> _Data below_:
● ● ● ● ● ● ●

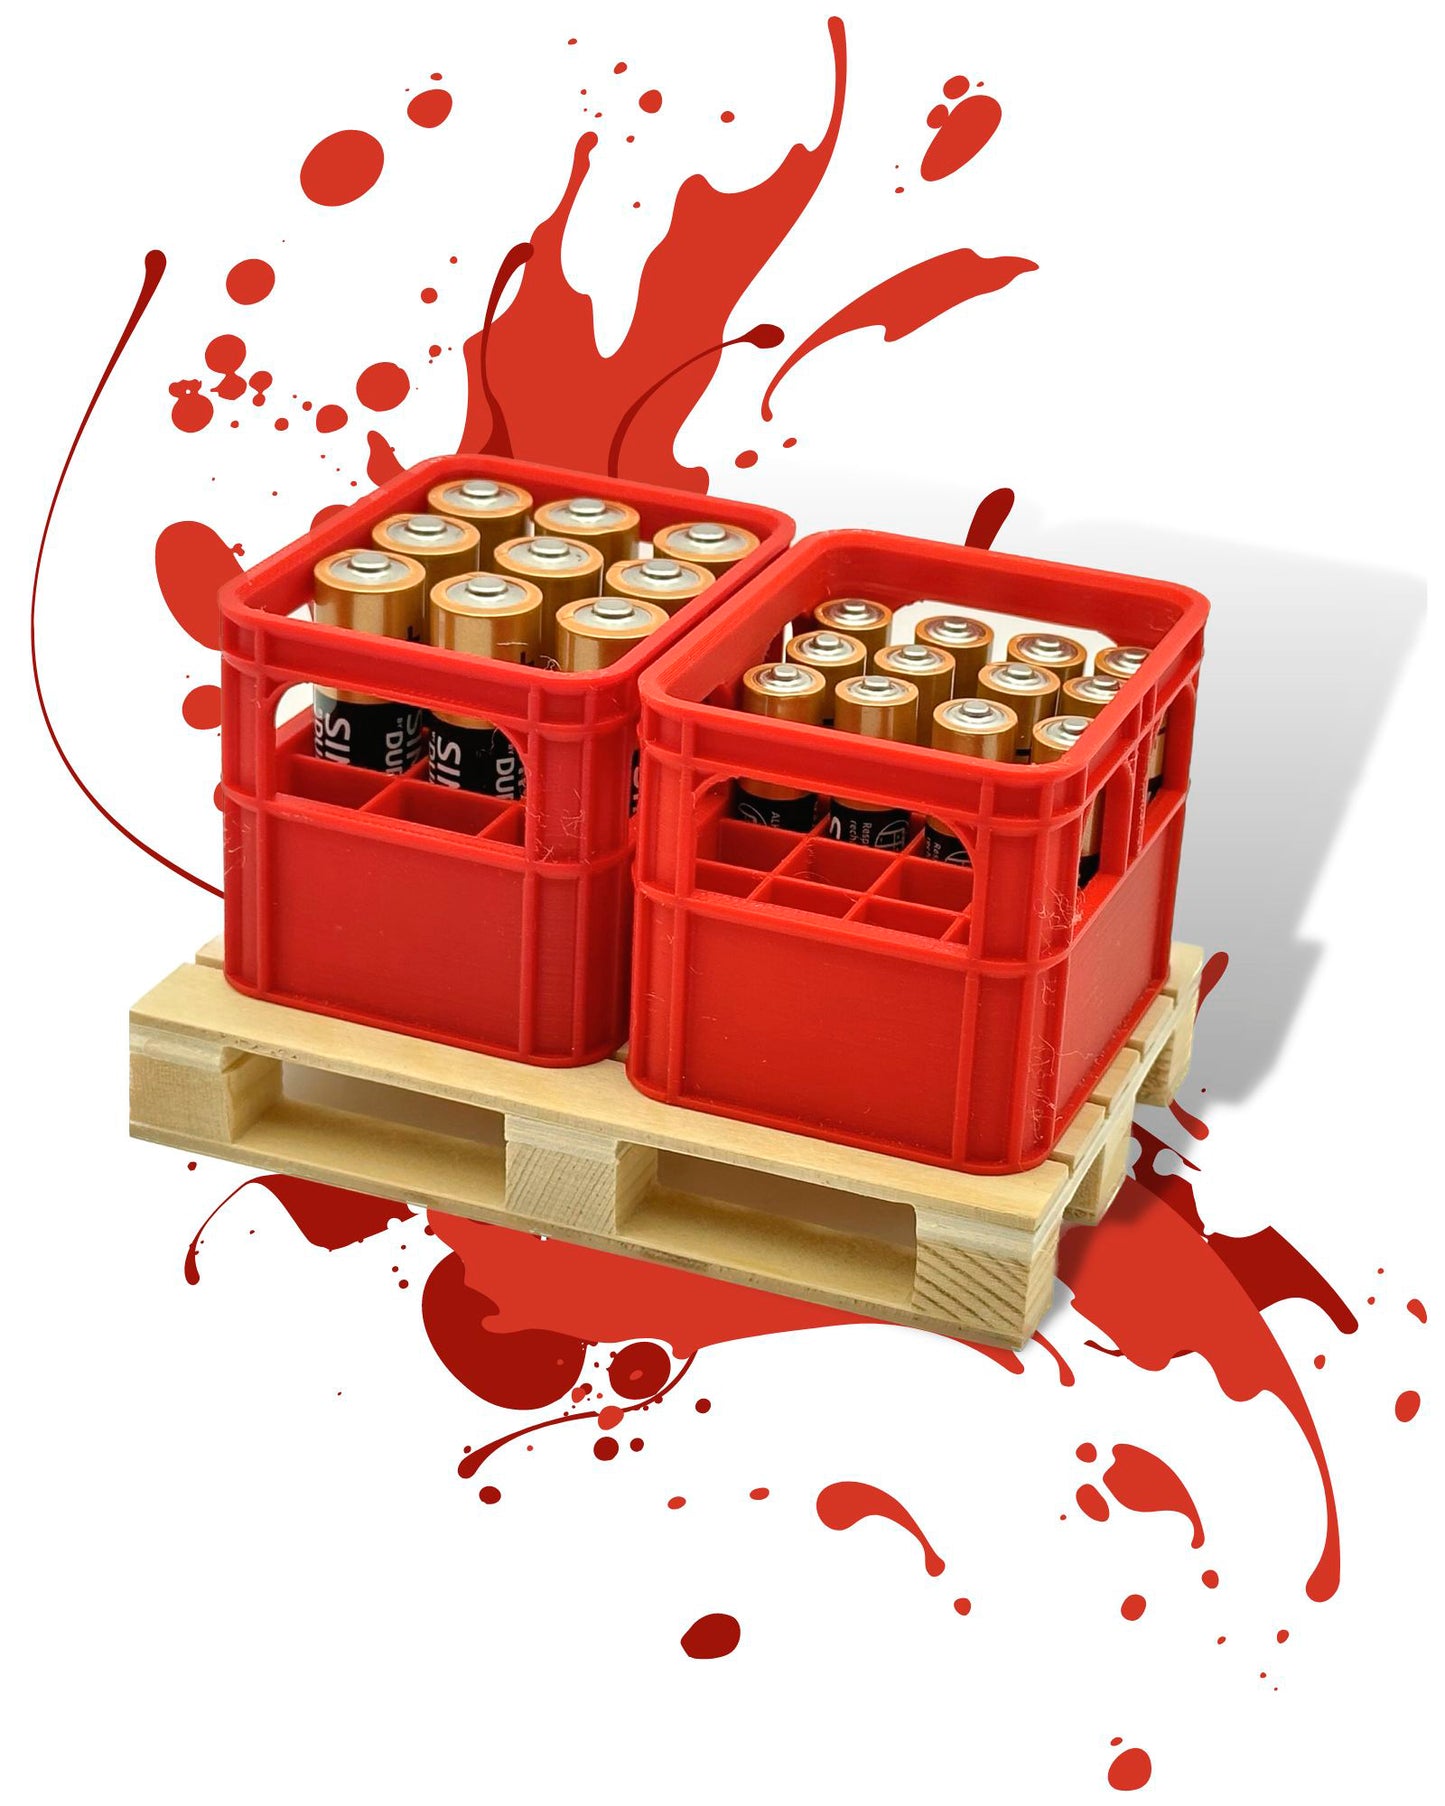 Batteriekiste Batteriebox Minikiste Minibox für Aufbewahrung von Batterien AA und AAA im Set mit Holzpalette
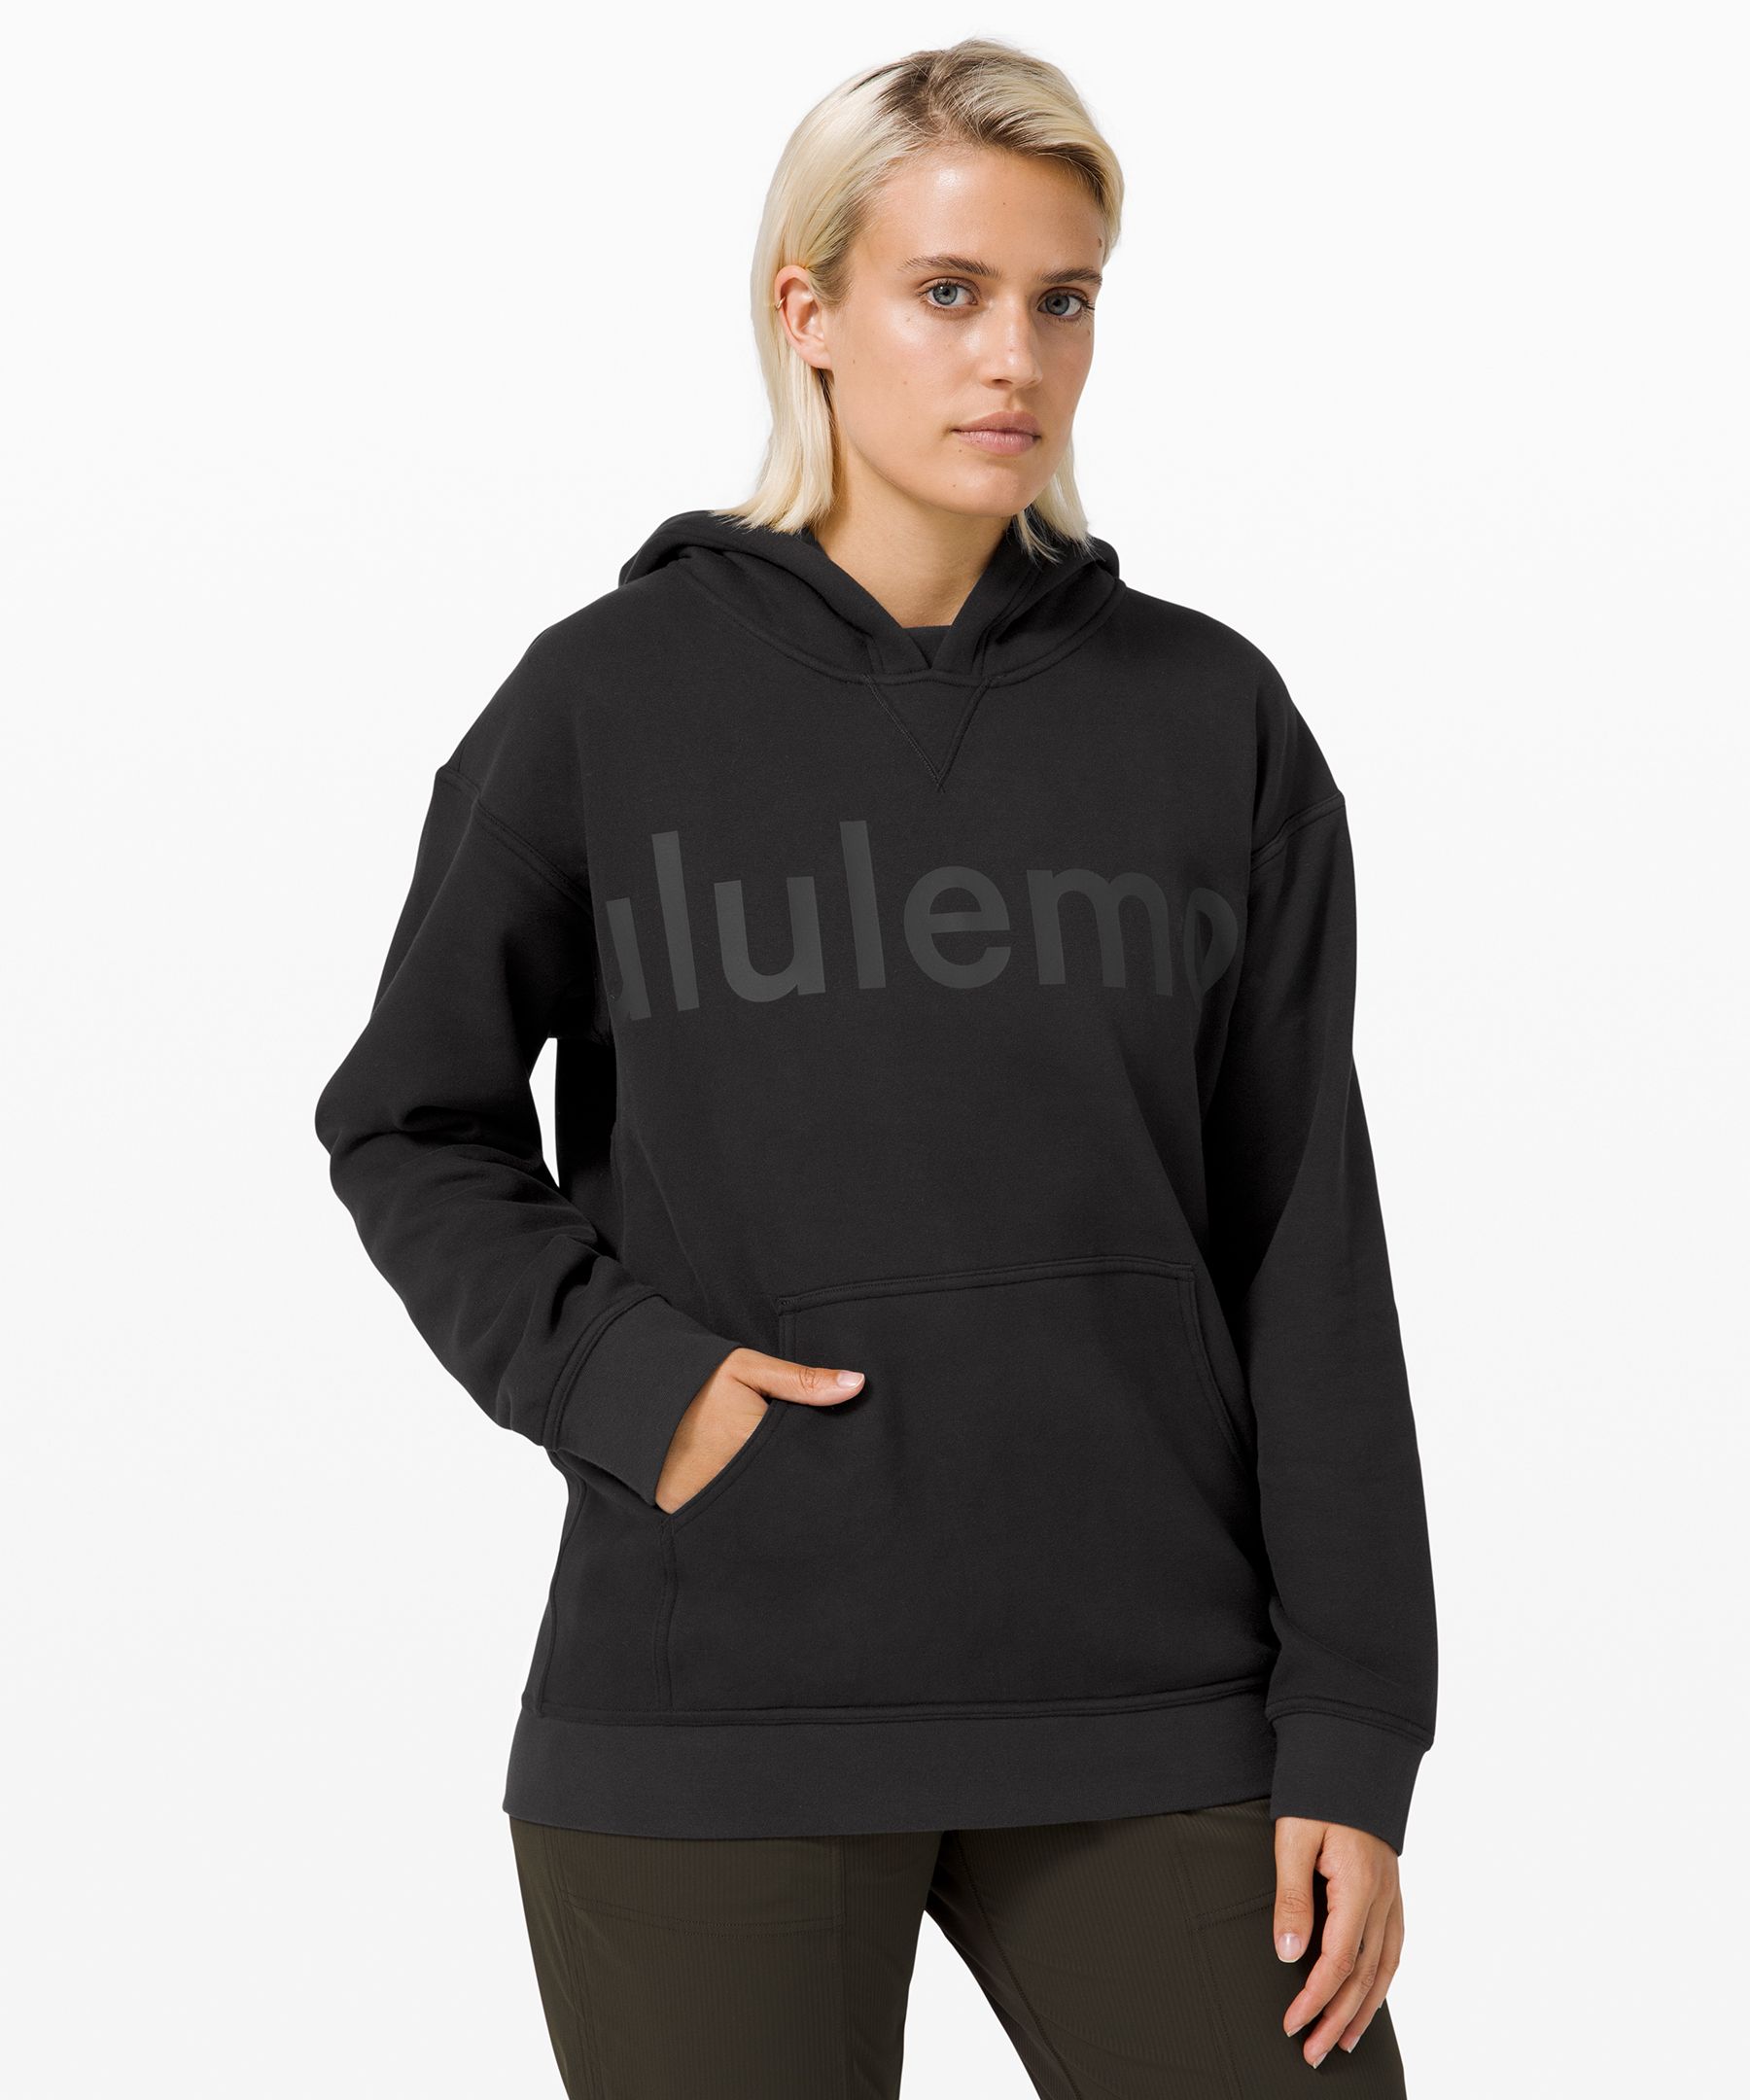 lululemon pullover hoodie women's
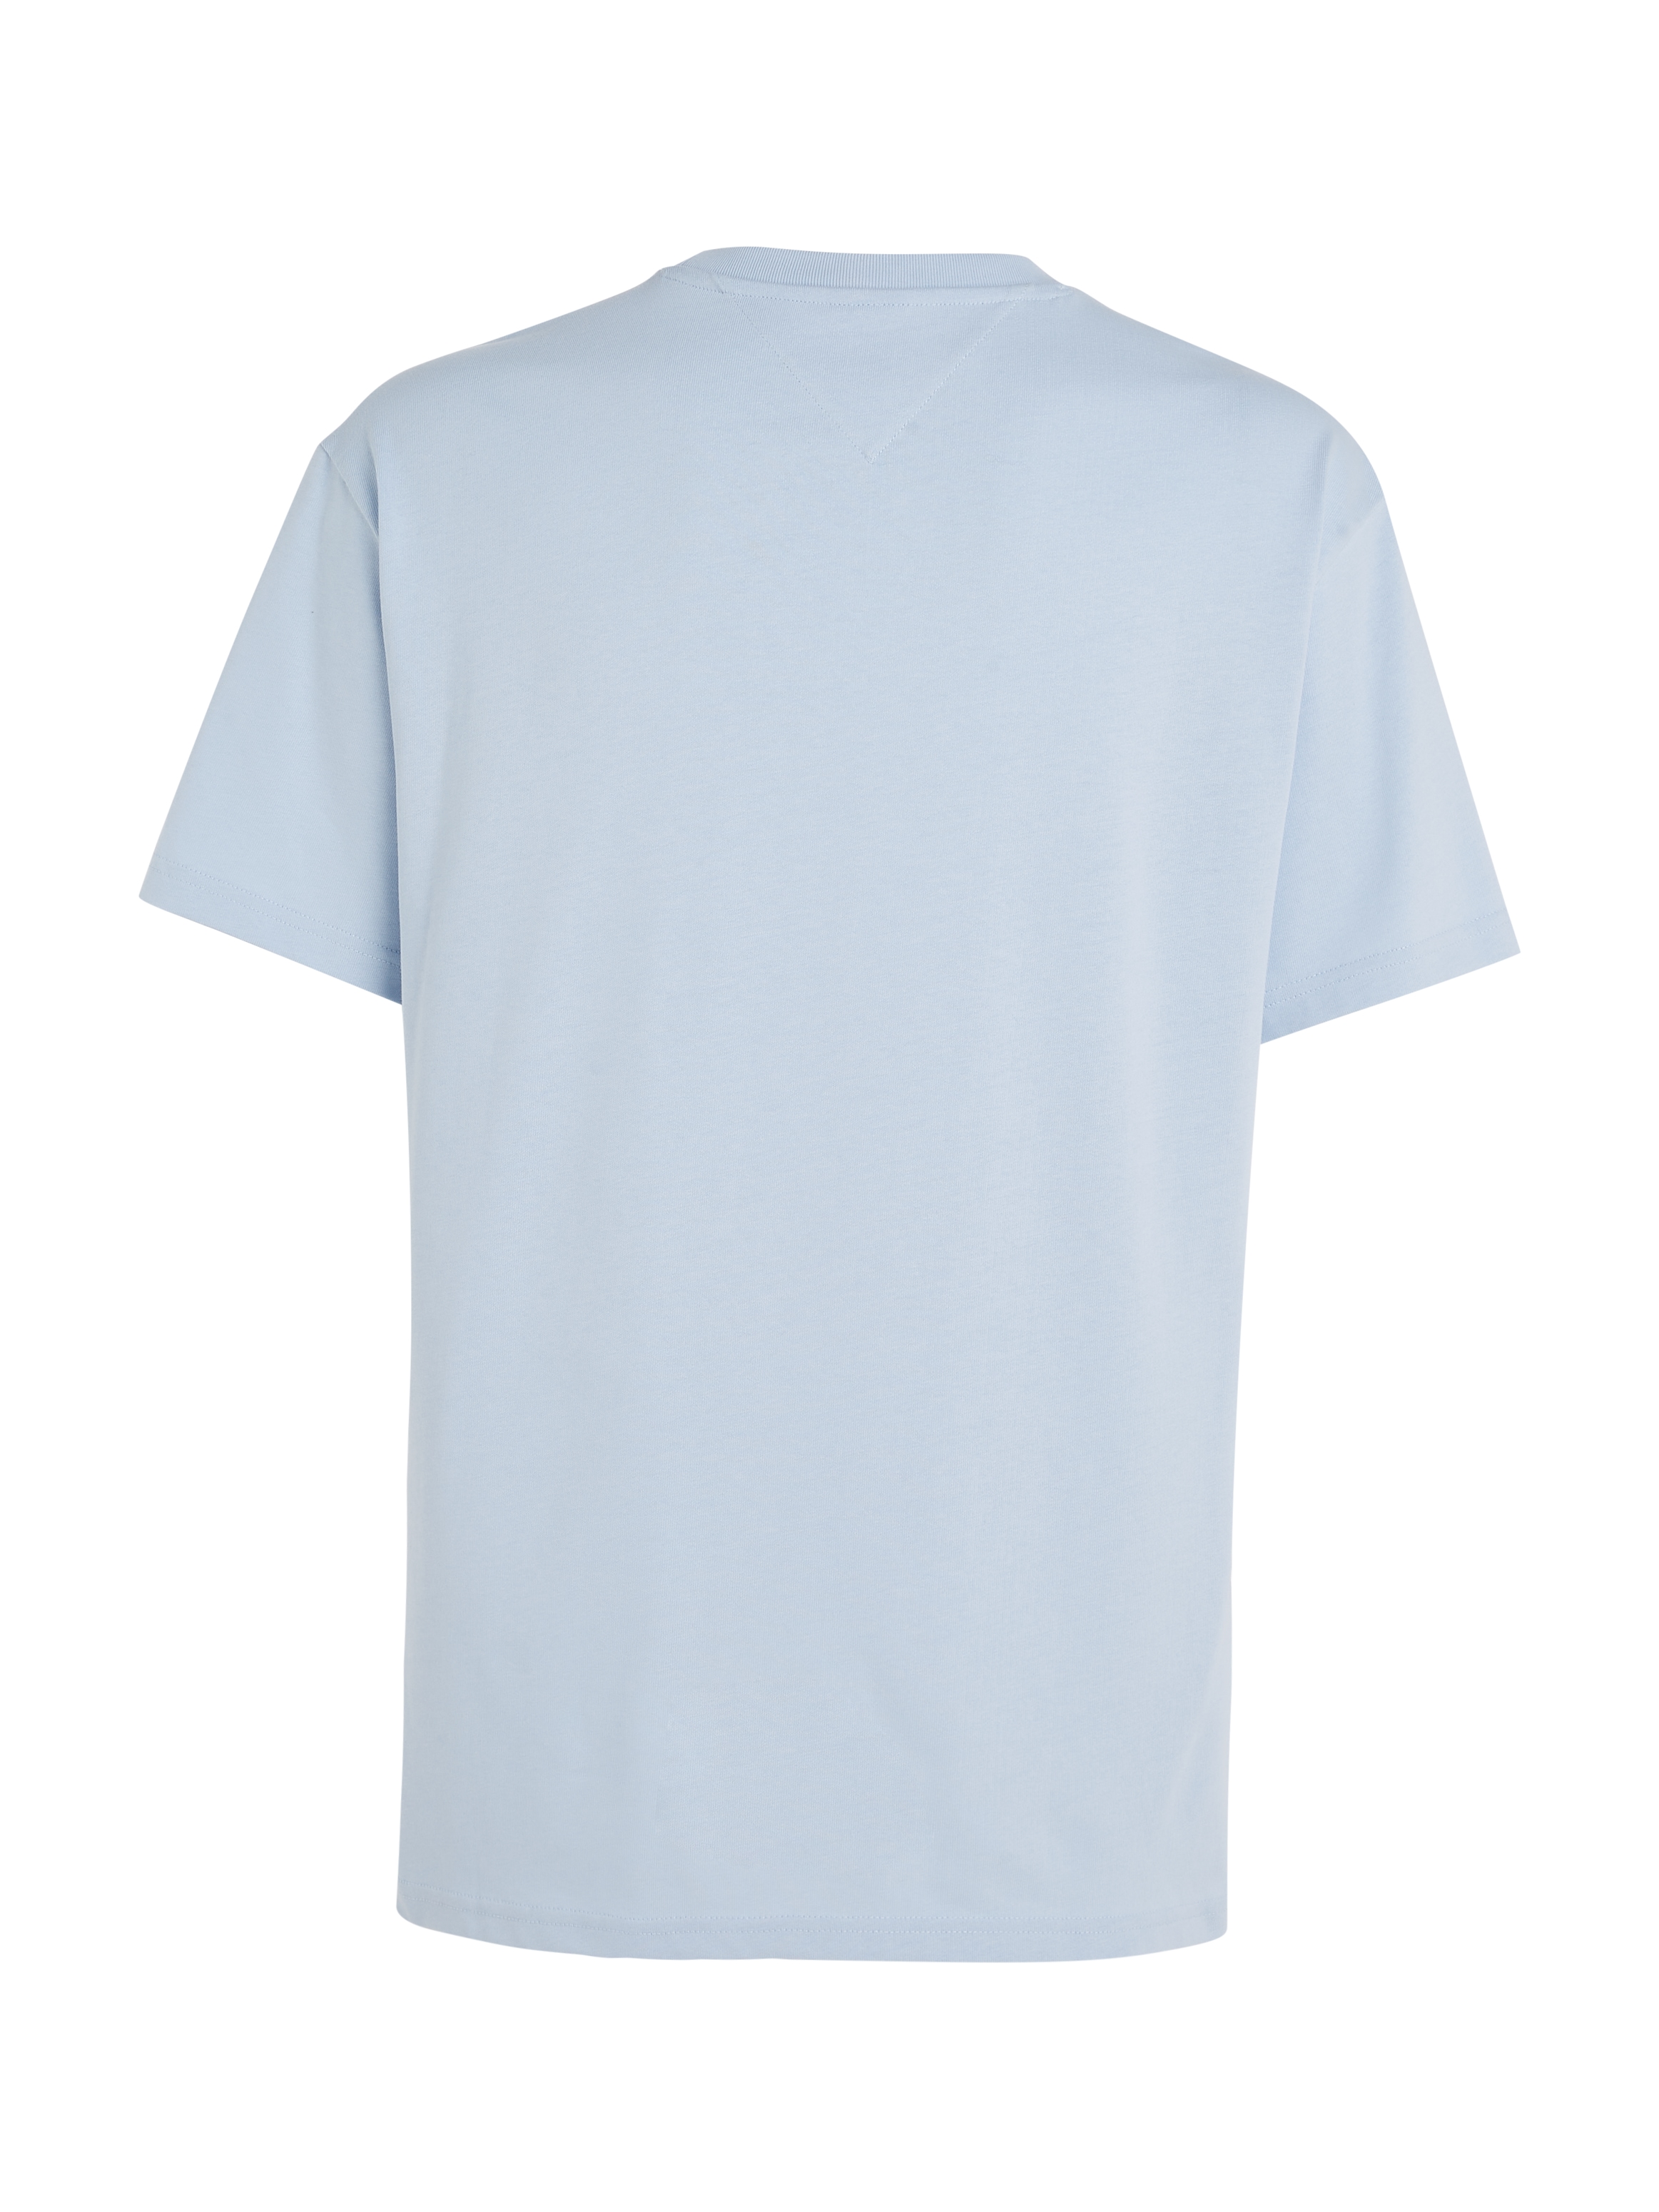 Tommy Jeans T-Shirt »TJM REG S NEW CLASSICS TEE EXT«, mit Rundhalsausschnitt

● ● ● ● ● ● ●

> _Your instructions_:
Apart from the images, retype the full material exactly as written.

> _The answer_:
 Batteriekiste Batteriebox Minikiste Minibox für Aufbewahrung von Batterien AA und AAA im Set mit Holzpalette
 lululemon pullover hoodie women's
 Tommy Jeans T-Shirt »TJM REG S NEW CLASSICS TEE EXT«, mit Rundhalsausschnitt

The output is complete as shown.